WHAT IS NEEDED: The answer is the data below, repeated exactly, with no pictures included.

SUPPLIED INFORMATION:

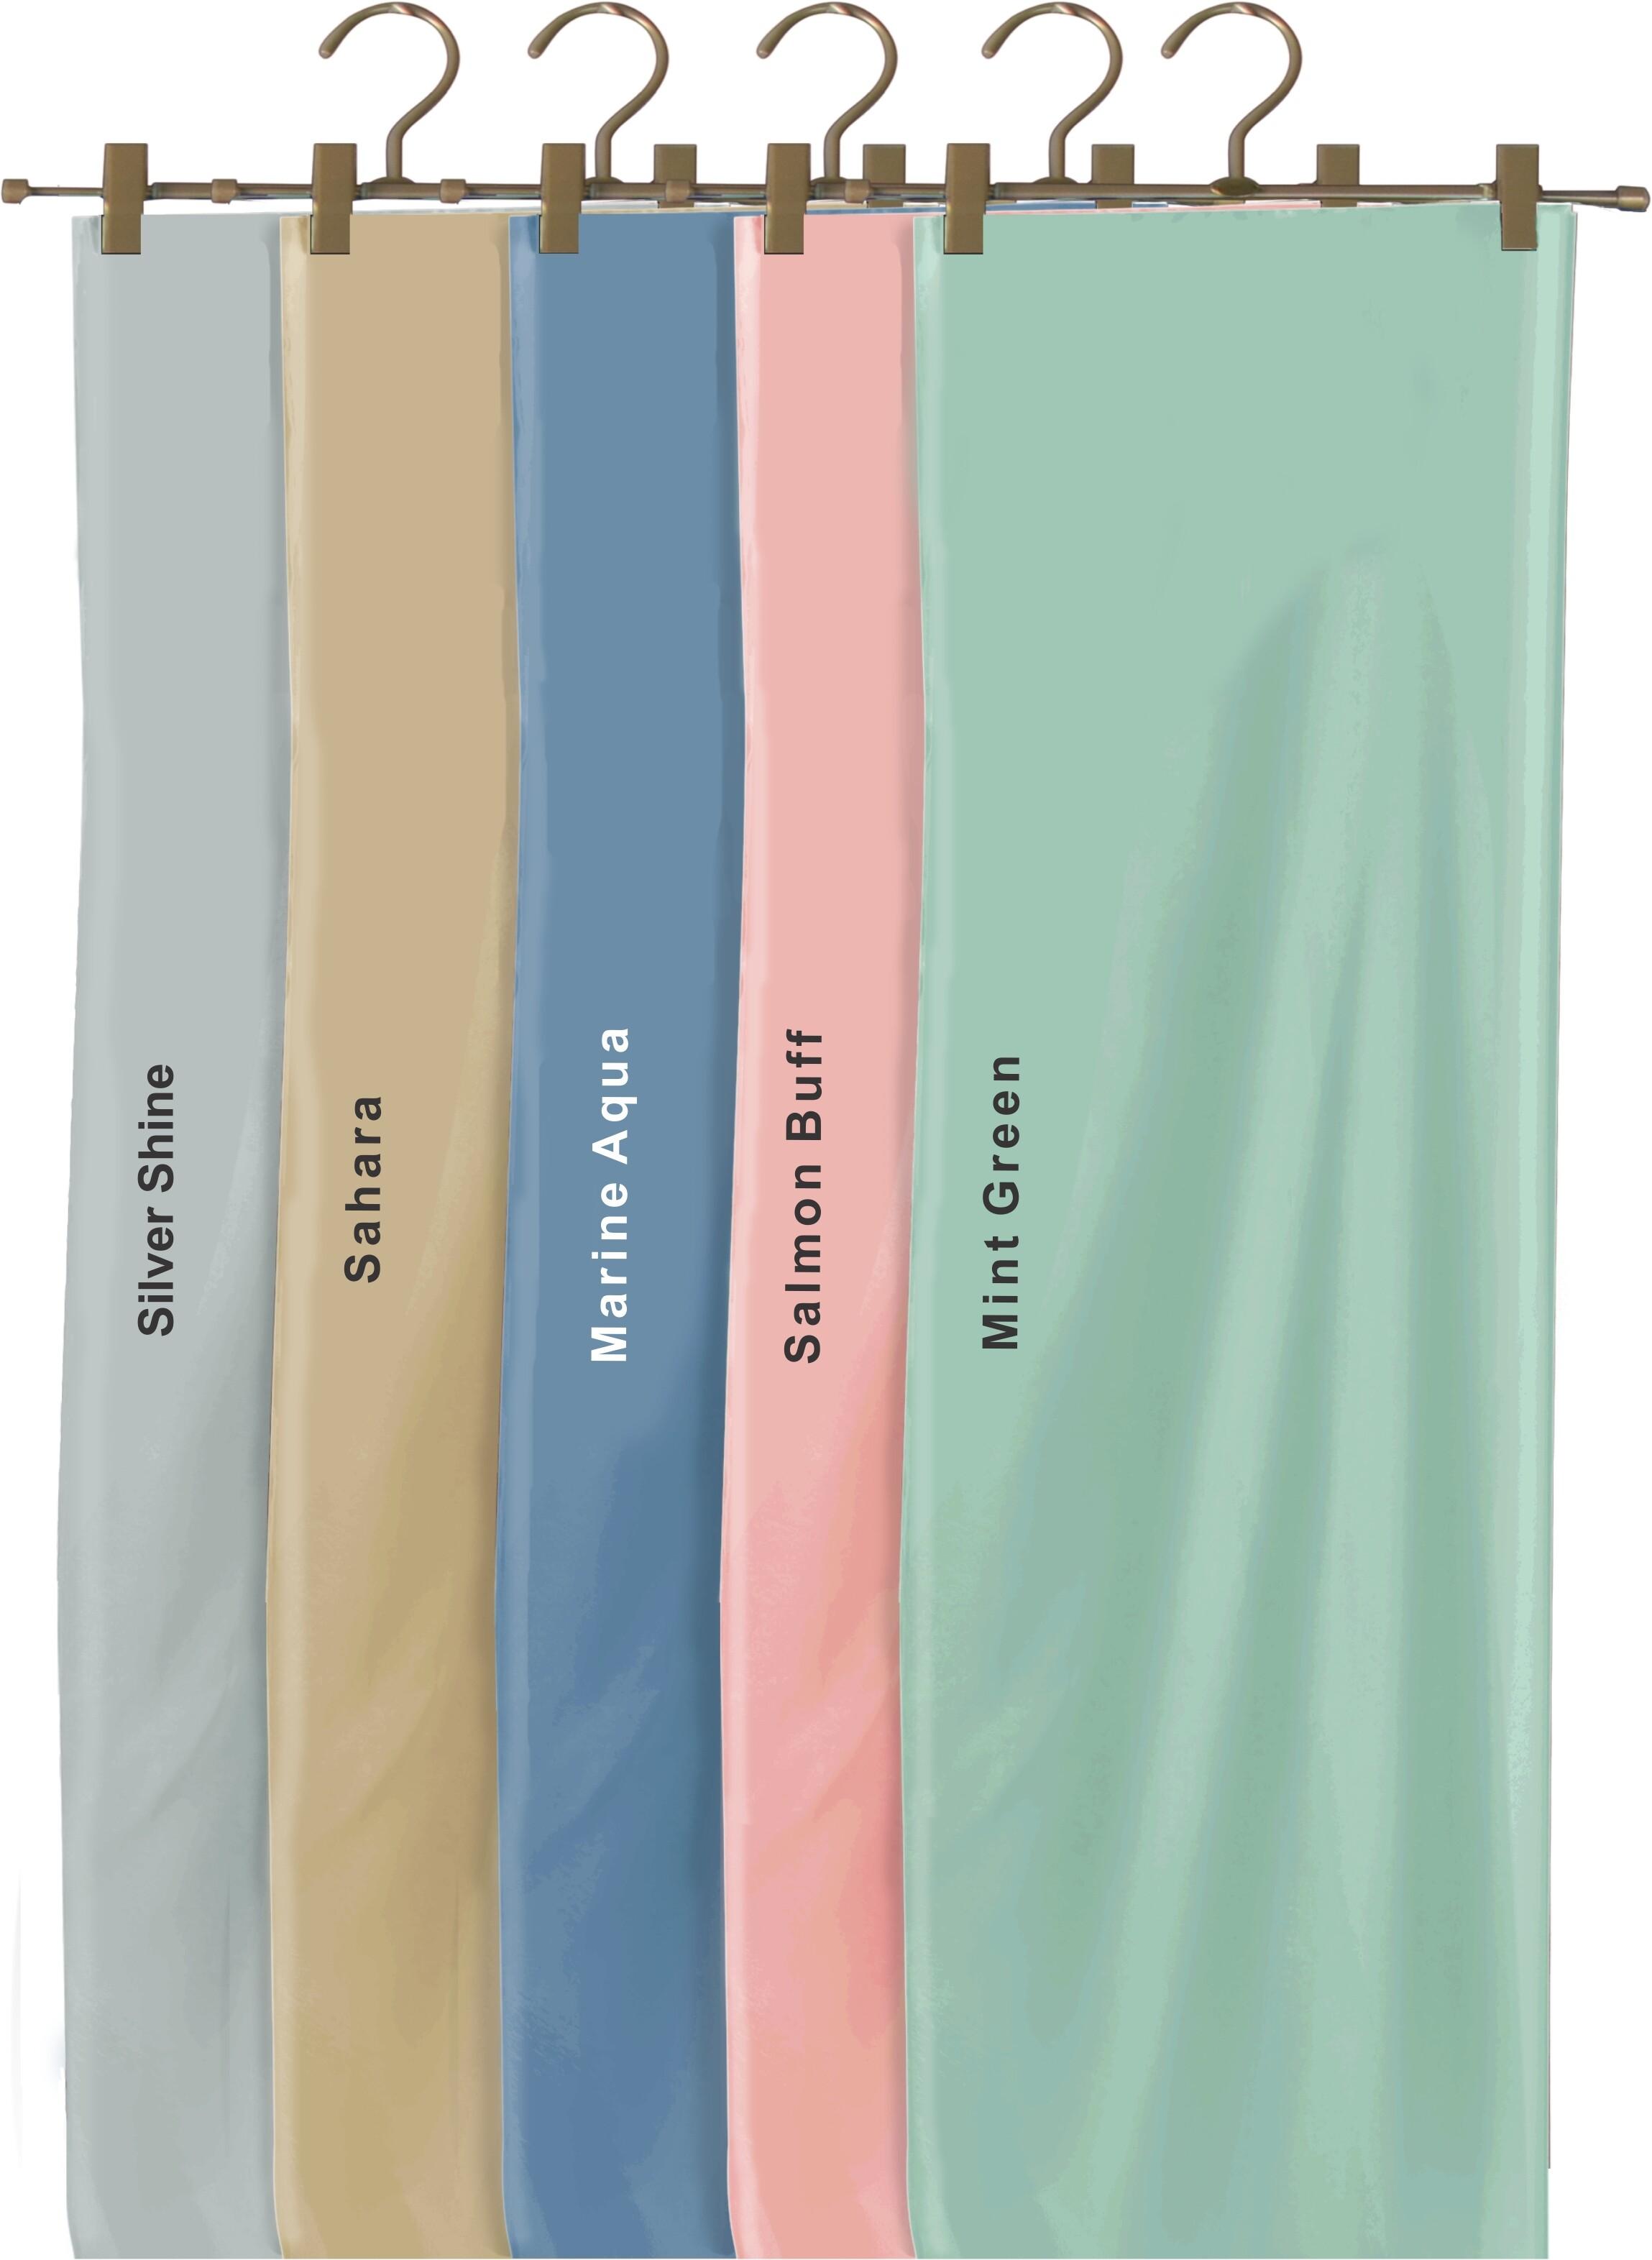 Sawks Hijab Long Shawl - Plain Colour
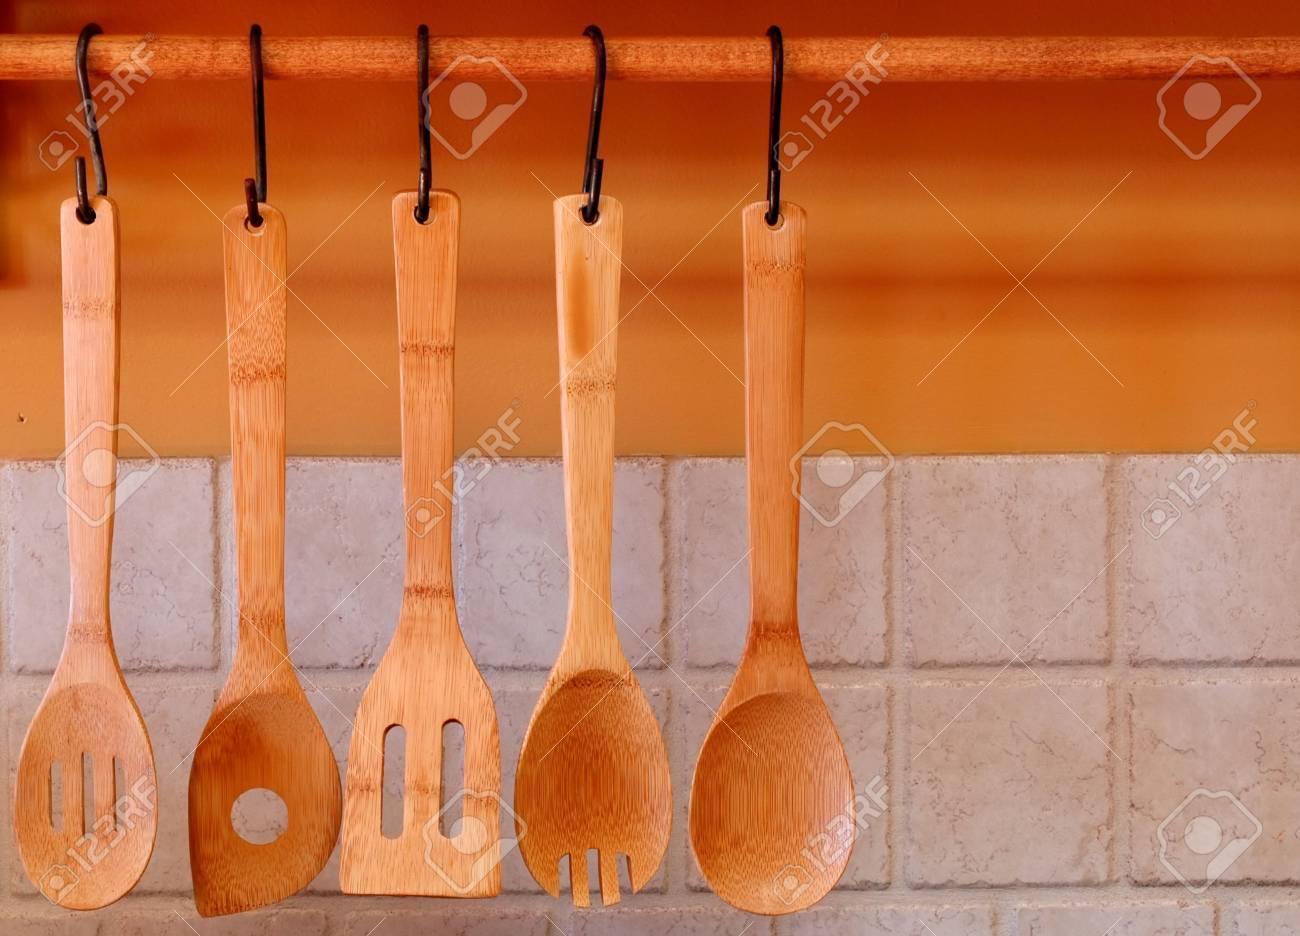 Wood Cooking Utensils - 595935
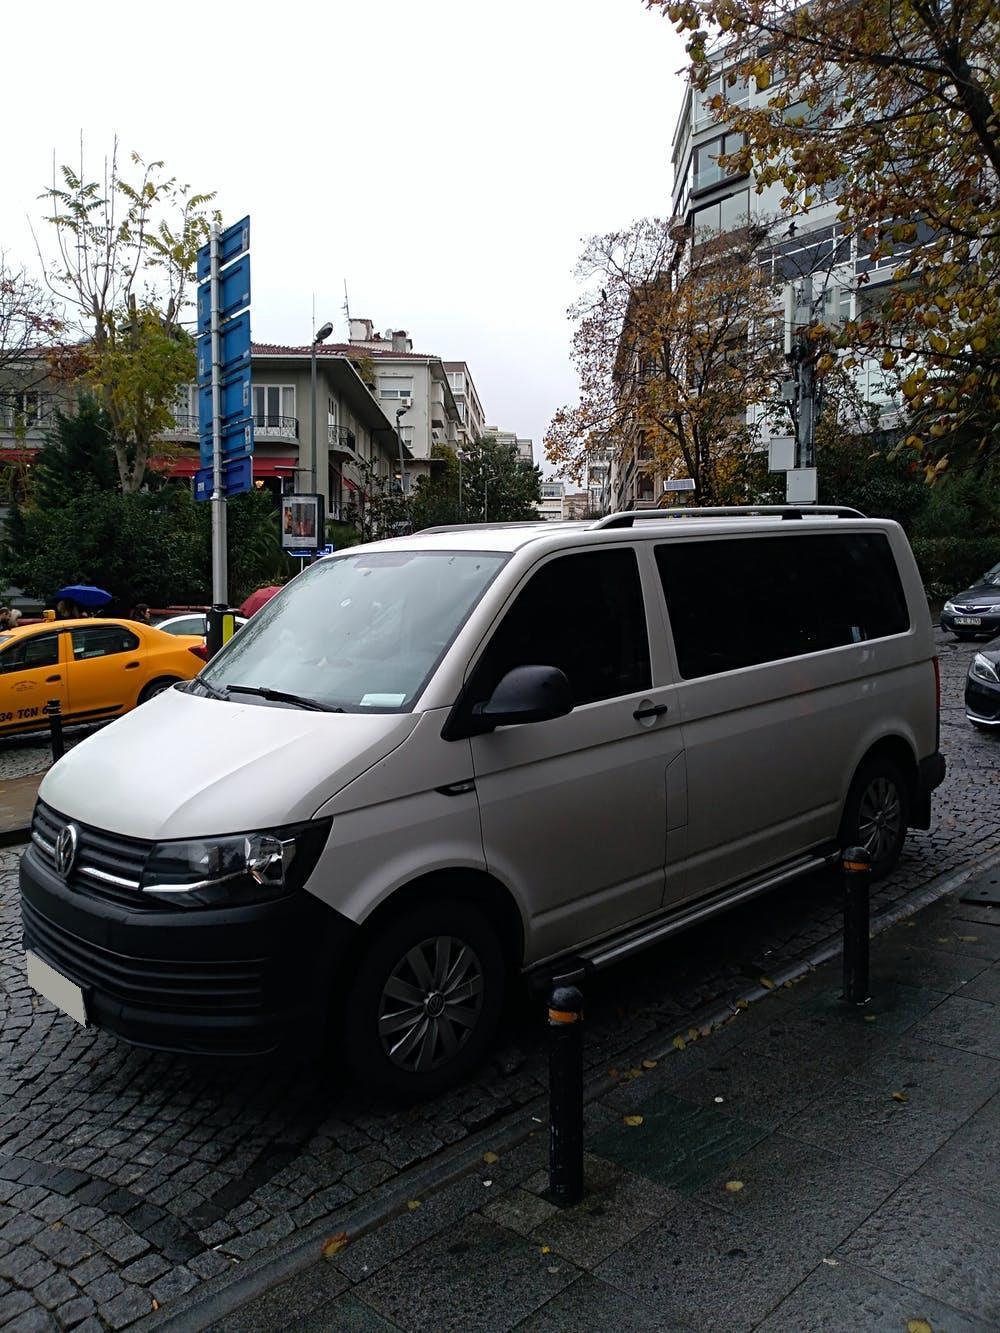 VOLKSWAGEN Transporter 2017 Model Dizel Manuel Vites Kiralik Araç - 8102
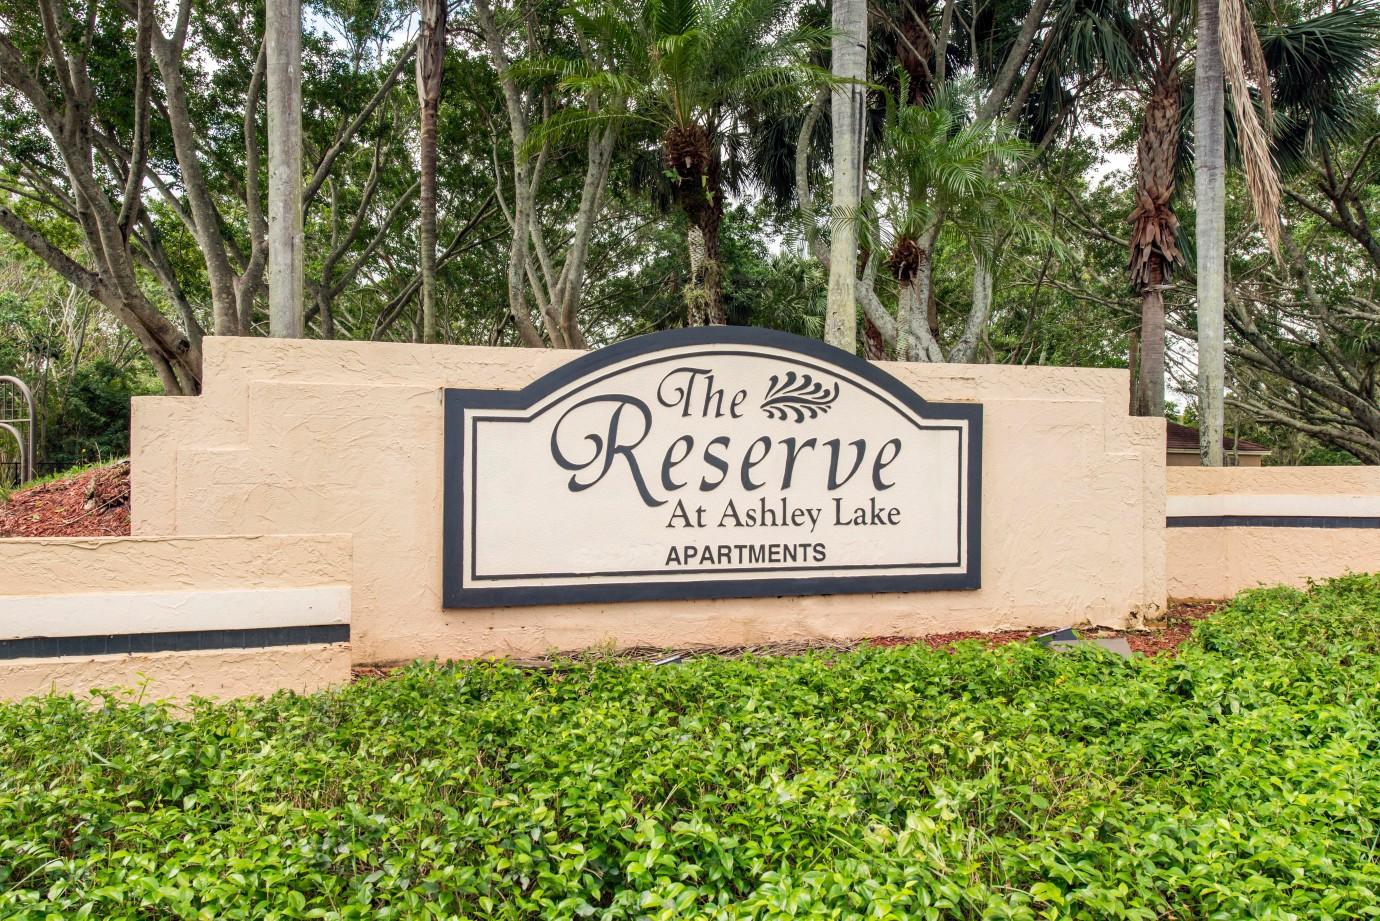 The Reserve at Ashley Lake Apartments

WRITTEN REPLY:
 Sawks Hijab Long Shawl - Plain Colour
 Wood Cooking Utensils - 595935
 VOLKSWAGEN Transporter 2017 Model Dizel Manuel Vites Kiralik Araç - 8102
 The Reserve at Ashley Lake Apartments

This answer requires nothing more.